The liberal city of Ann Arbor, Michigan, has spent $18,000 in taxpayer funds to remove more than 600 “Neighborhood Watch” signs after city officials declared the crime prevention signs “expressions of exclusion” that allegedly promote racial profiling and make people of color feel “unwelcome.”

The signs were yanked from front yards and public spaces by city crews over the past few weeks, with the final one removed last week.

Ann Arbor Mayor Christopher Taylor personally helped remove the last sign alongside two city council members.

In a video statement posted to Instagram to virtue signal, Taylor declared, “Frankly, neighborhood watch signs are expressions of exclusion, and they’re inconsistent with our values. Ann Arbor is a welcoming community. We don’t want to push people away. We want to welcome folks in.”

Council Member Cynthia Harrison, who is Black, strongly supported the removal.

In the announcement video, Harrison stated, “There are people that look like me, and those from my community that have been questioned, quite frankly, in their own neighborhood by others, you know, wondering what they’re doing there.”

“This is just representative of our values and how we want people to feel in Ann Arbor,” Harrison continued. “We do welcome everyone to the city of Ann Arbor, but most importantly, we want everyone to feel welcome, and just the removal of these signs is a huge step in that direction.”

The city council voted 10-0 in December to direct staff to remove every single Neighborhood Watch sign by July 15.

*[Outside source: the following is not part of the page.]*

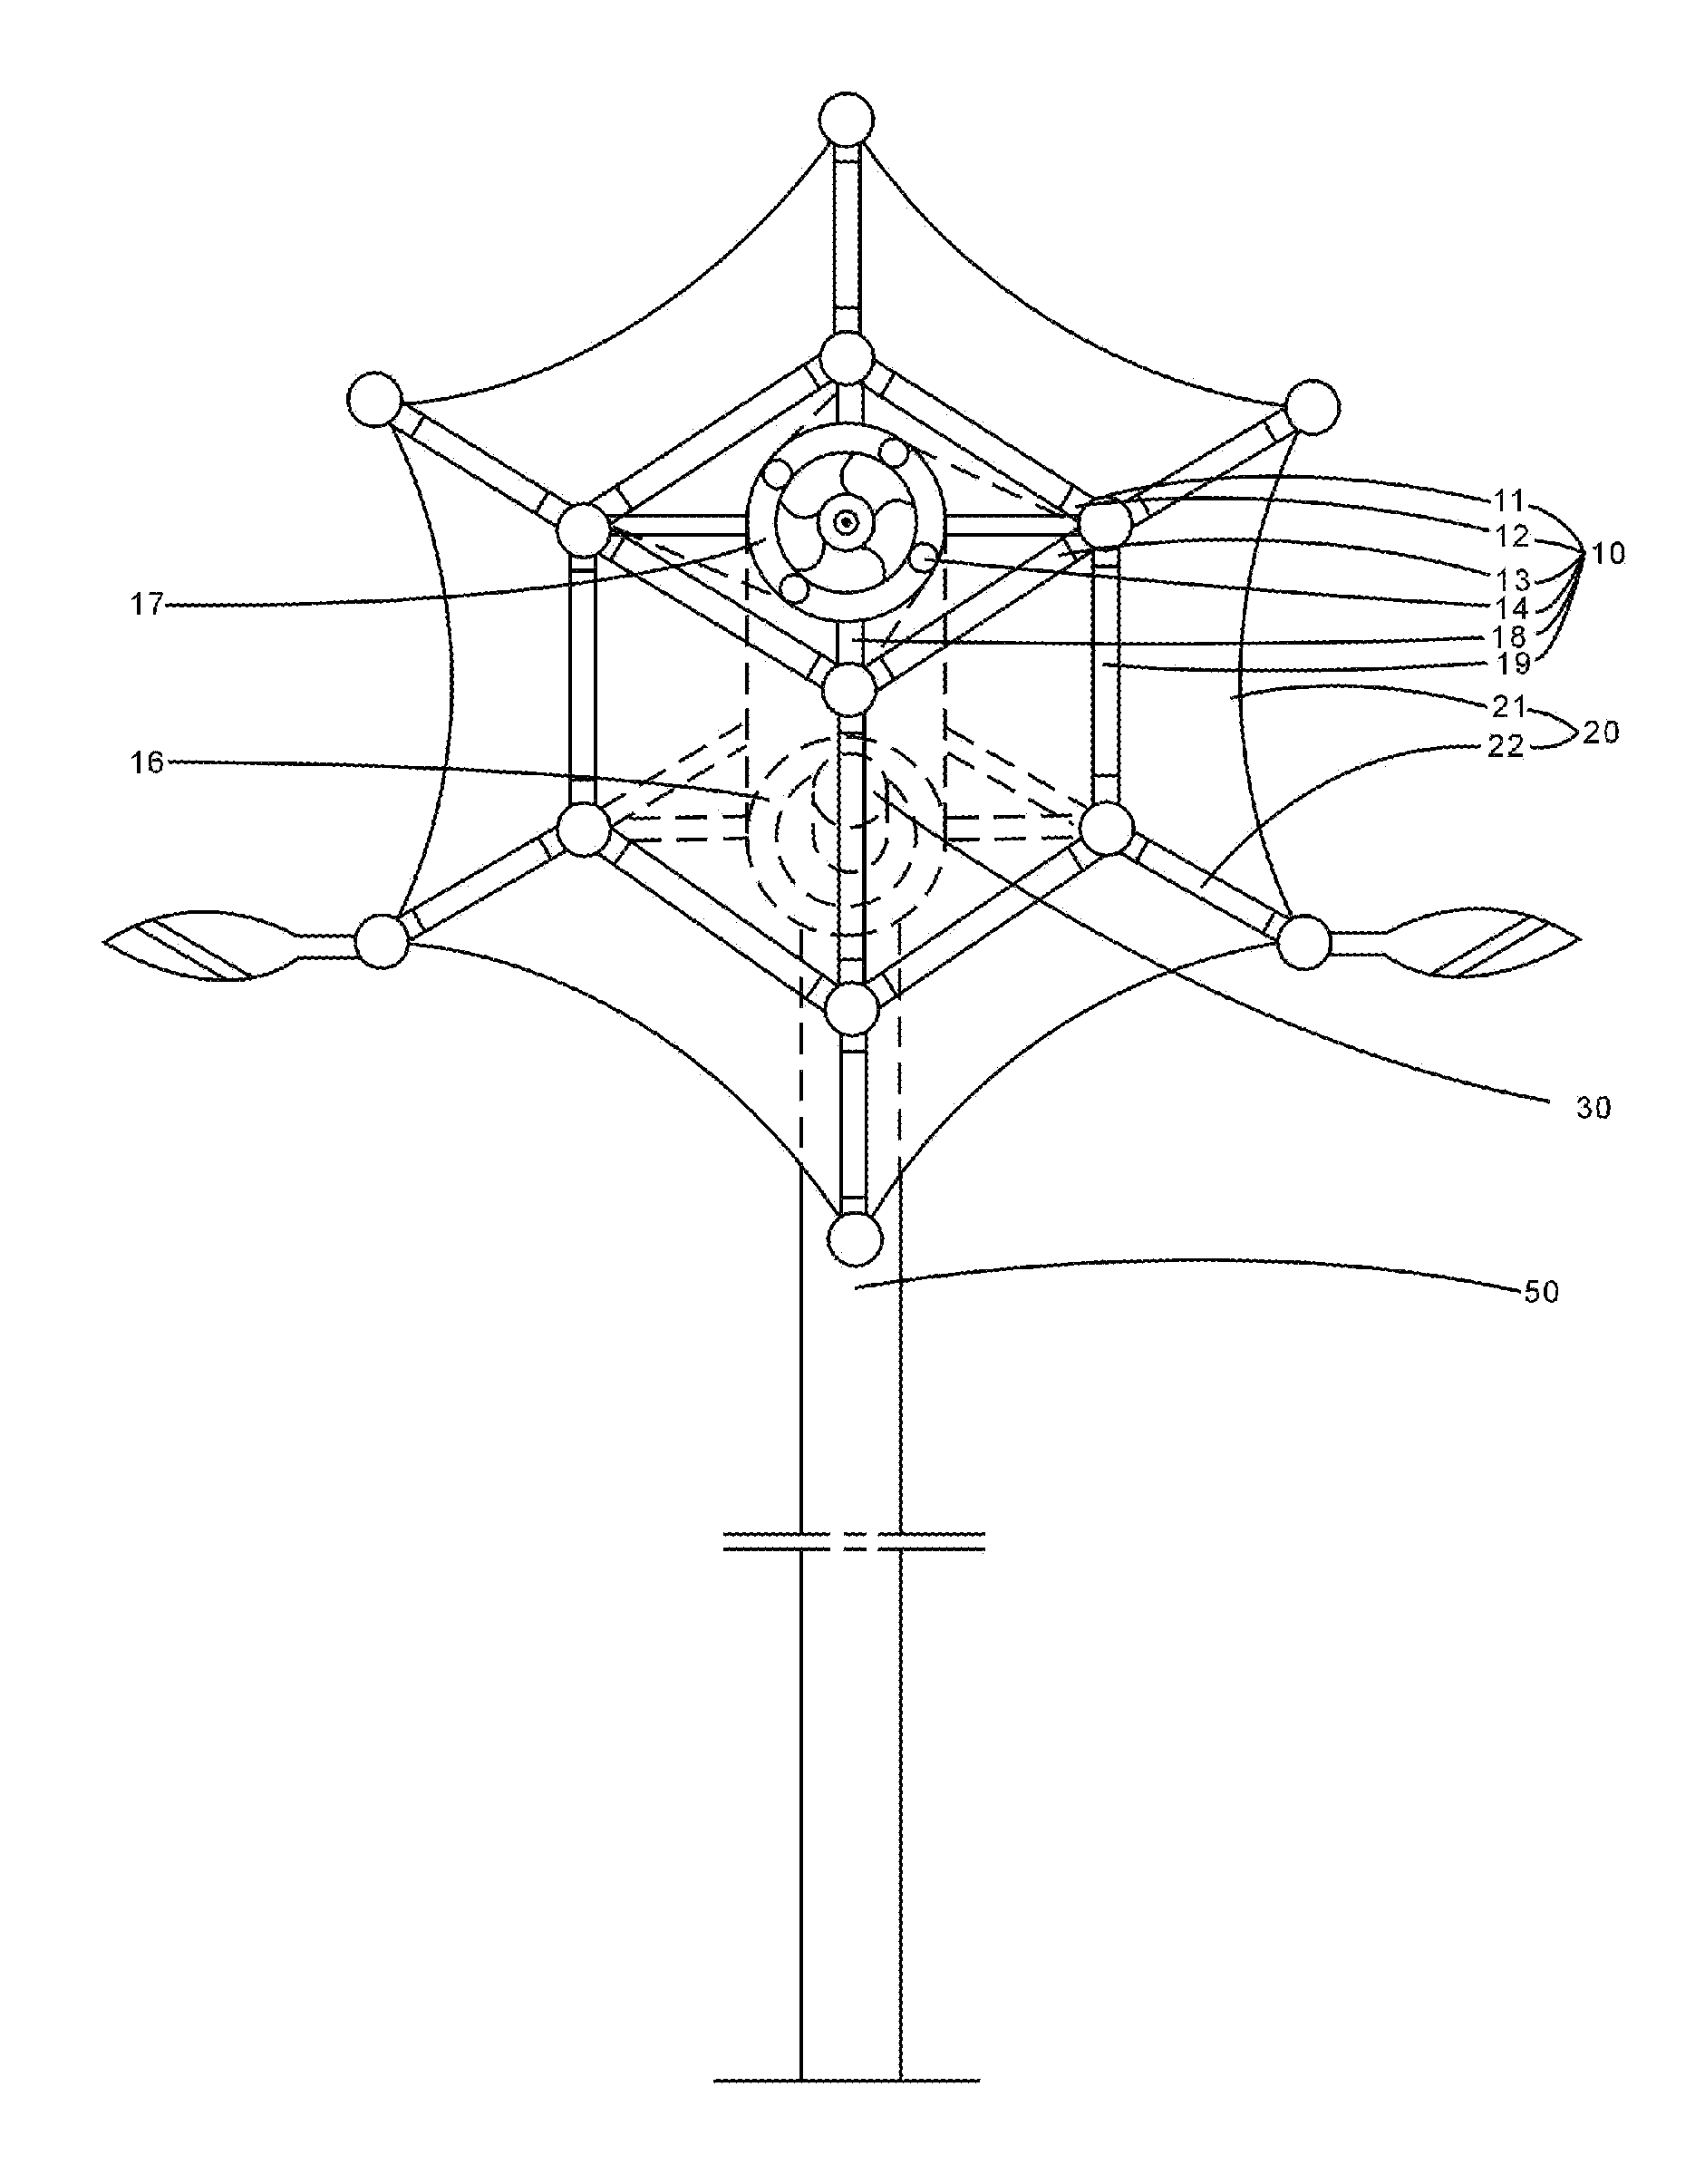 Three-dimensional wind-light congregating power generating system with spherical joints

Officials unanimously approved the $18,000 expenditure earlier this year, drawing the money from the city’s general cash reserves rather than from the police or street maintenance budgets.

Ann Arbor officials claim the Neighborhood Watch program, launched nationwide in the 1970s amid rising crime concerns, has been “defunct” and inactive for decades.

The officials also cited research showing the signs do not actually reduce crime and instead “reinforce biased surveillance practices” and create distrust toward people of color.